Okay, so I'm thinking that I didn't read the recipe properly yesterday. Or else I did something wrong, like overcooking the ginger. The ginger and syrup was one big lump of stuff, so it would have taken a month of Sundays to "drain the ginger". So I reheated the saucepan a bit, and added a little bit of water to thin the syrup.
Once the syrup was thin enough to actually remove the ginger and lemon, I followed the directions and set out the bits of ginger and lemon on a rack. The bits of ginger were actually more like clumps of ginger... I tasted a piece and it was deliciously hot!

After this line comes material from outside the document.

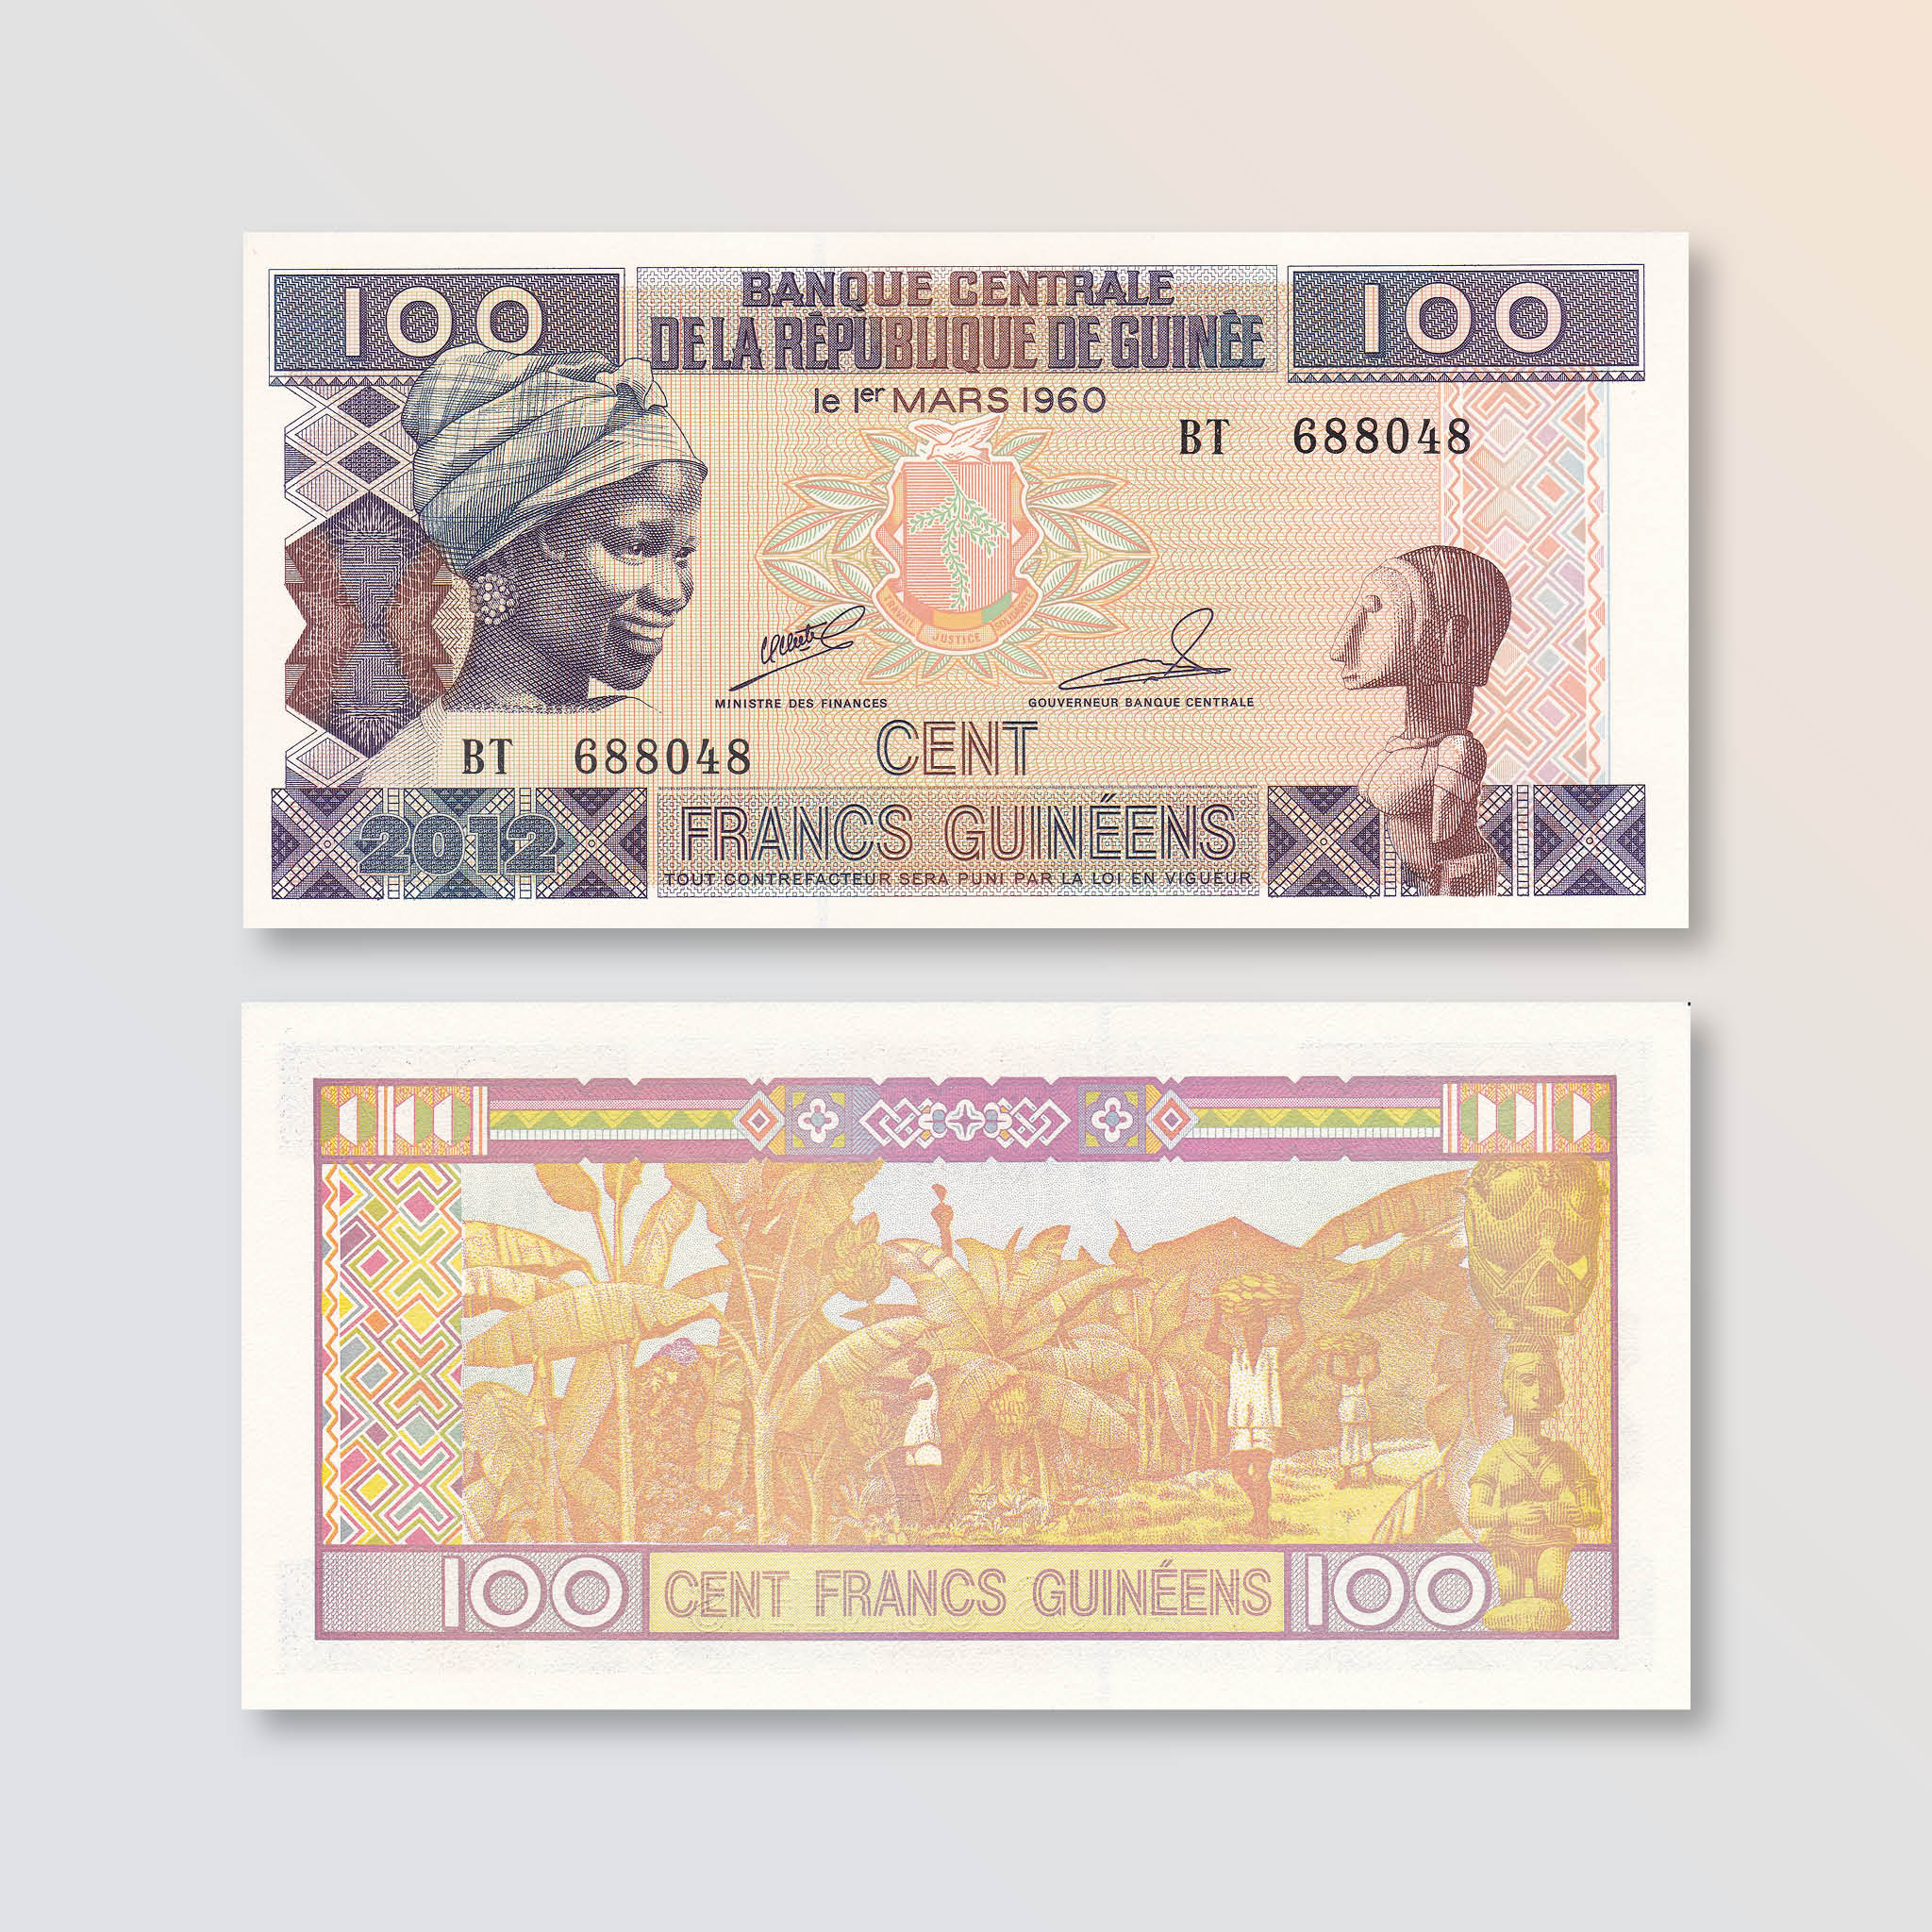 Guinea 100 Francs, 2012, B324c, P35b, UNC - Robert's World Money - World Banknotes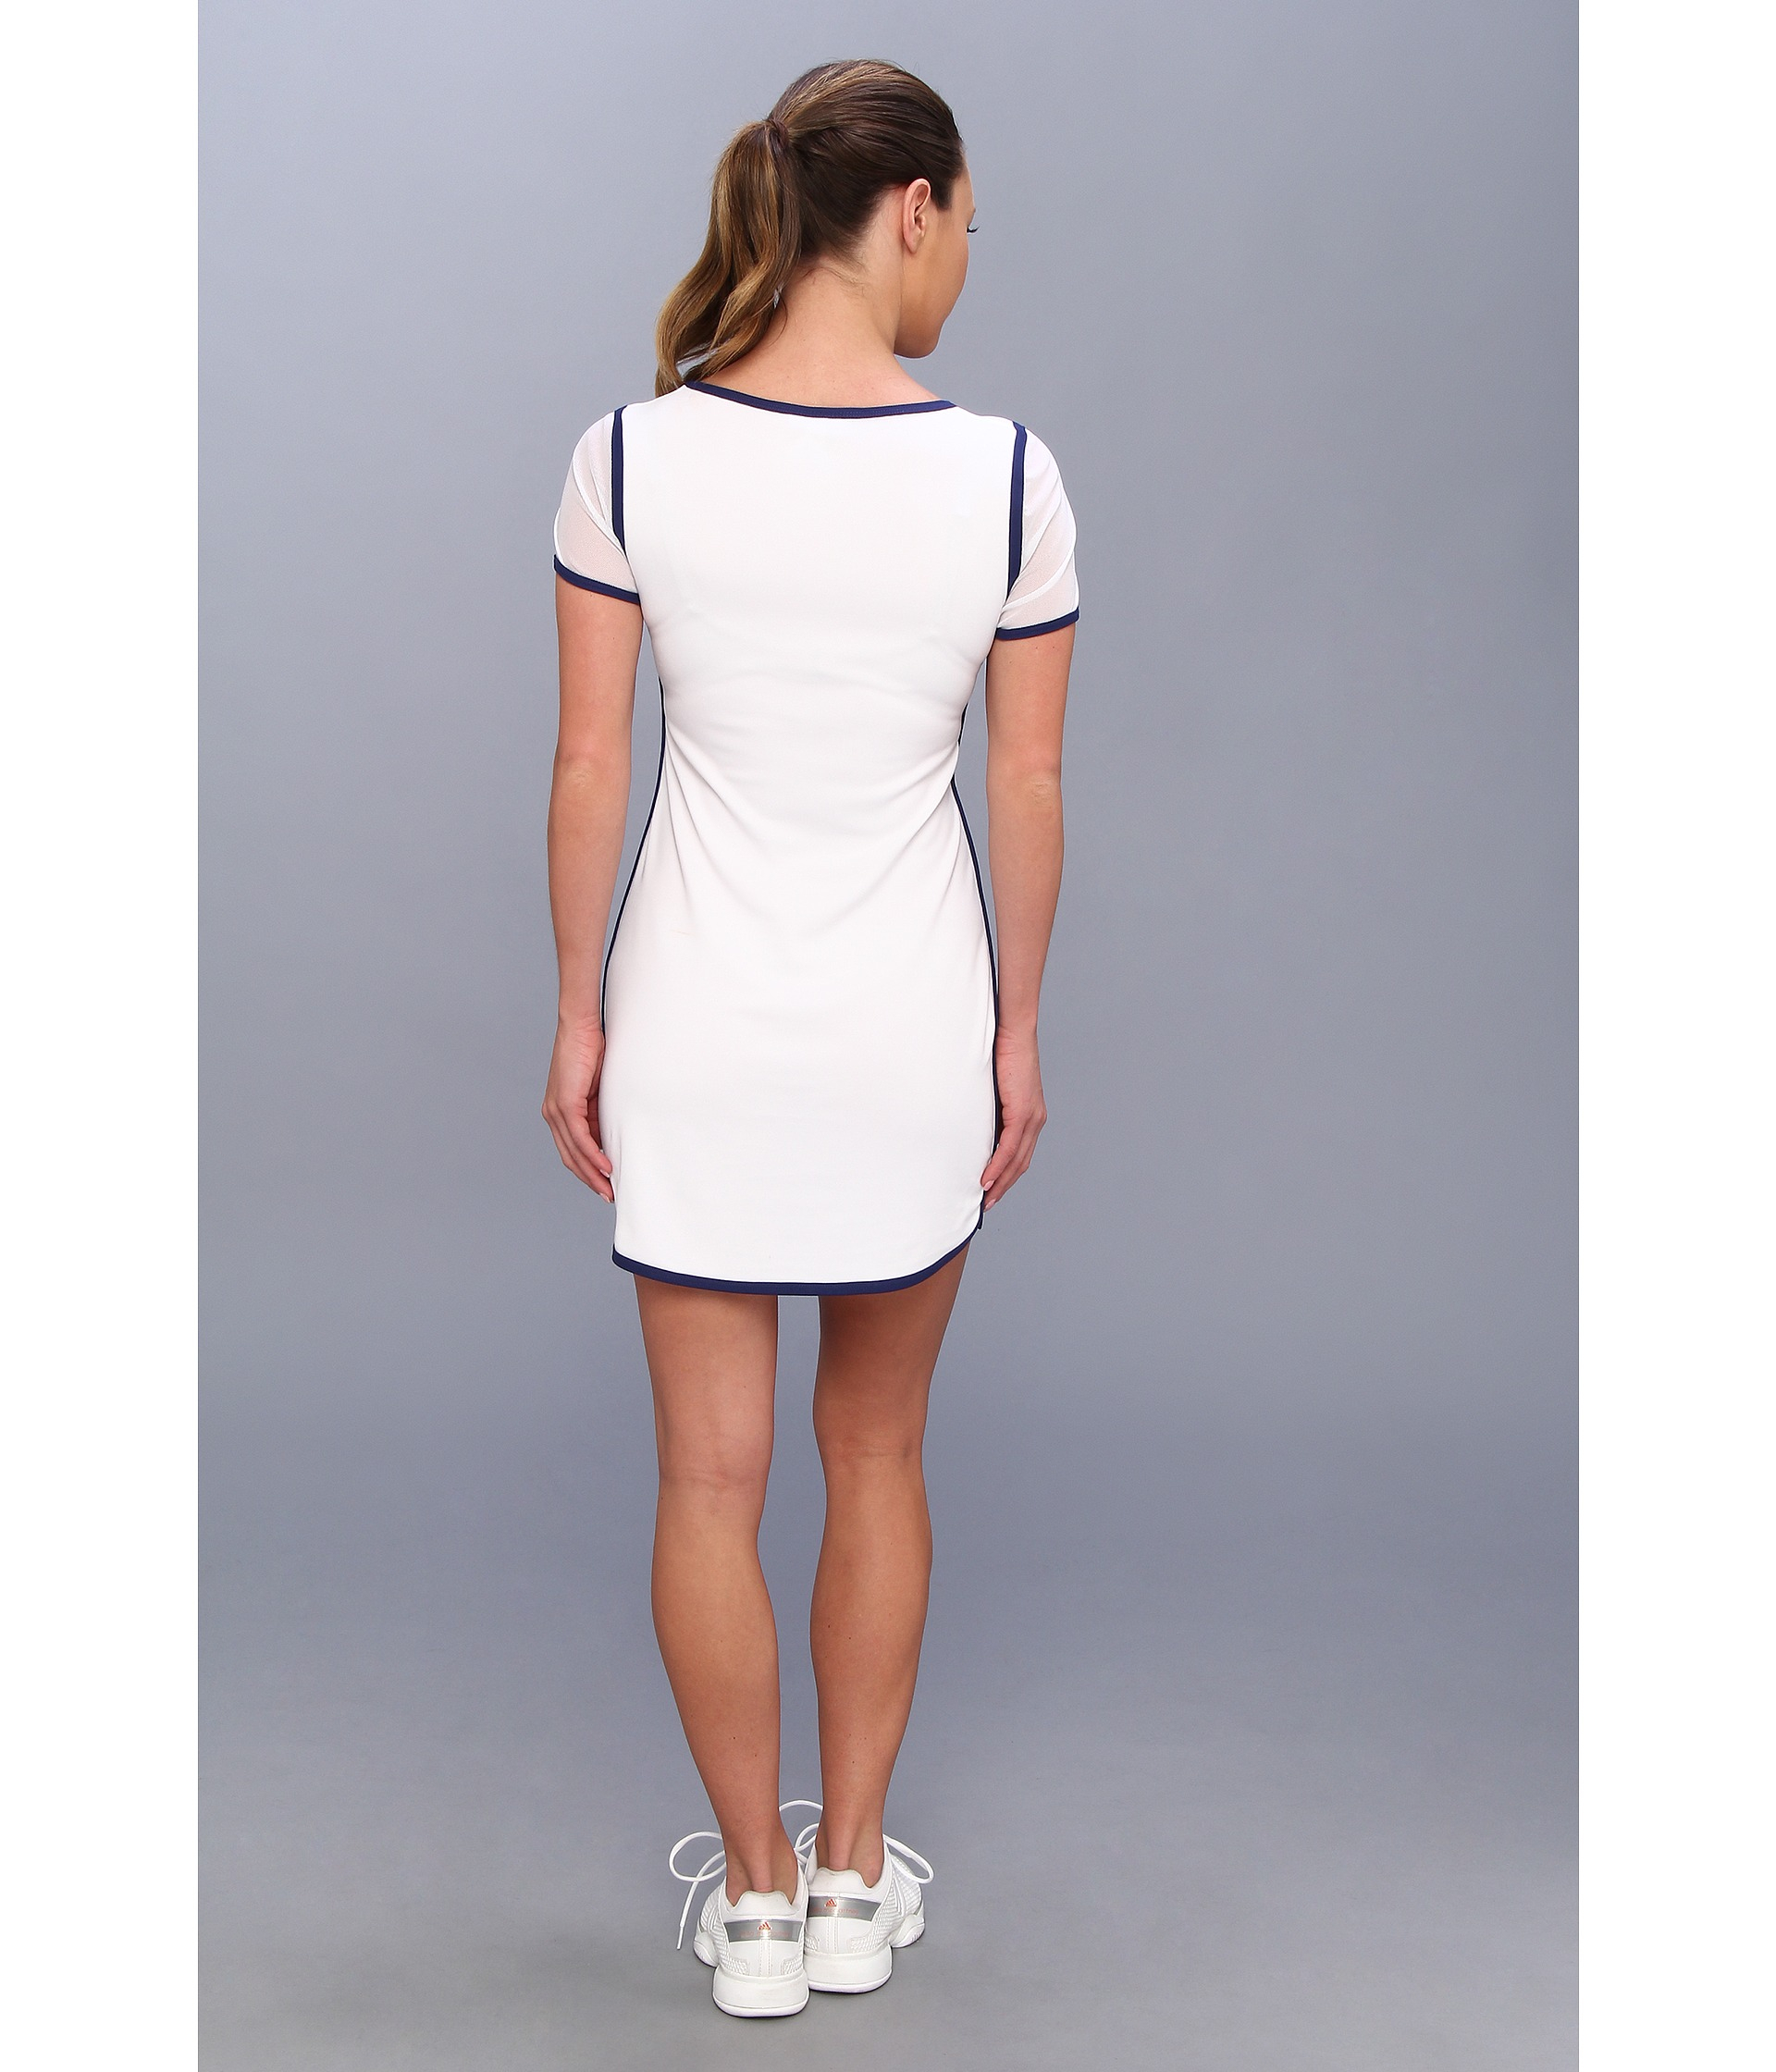 Lacoste Mesh Short Sleeve Tennis Dress in White | Lyst

Yesterday I said I didn't think I had 5 cups of anything, although the recipe said it makes 5 cups. I poured the syrup into a measuring cup and I got almost exactly two cups. It is very sweet and quite gingery. I took this photo after the syrup had cooled to room temperature, so you can can see how thick it is.. :)
Canton Candied Ginger
- Drain the ginger from day 4 cooking.
- Reserve the syrup for sauces or gingerbread.
- Put the ginger on a rack over a tray.
- Leave uncovered overnight.
- The next day, (day 5), roll the ginger in granulated sugar.
- Store in tightly covered glass jars.
Rereading this section, it now seems that I should have drained the ginger at the end of day 4. Oh well, will have to see how it turns out.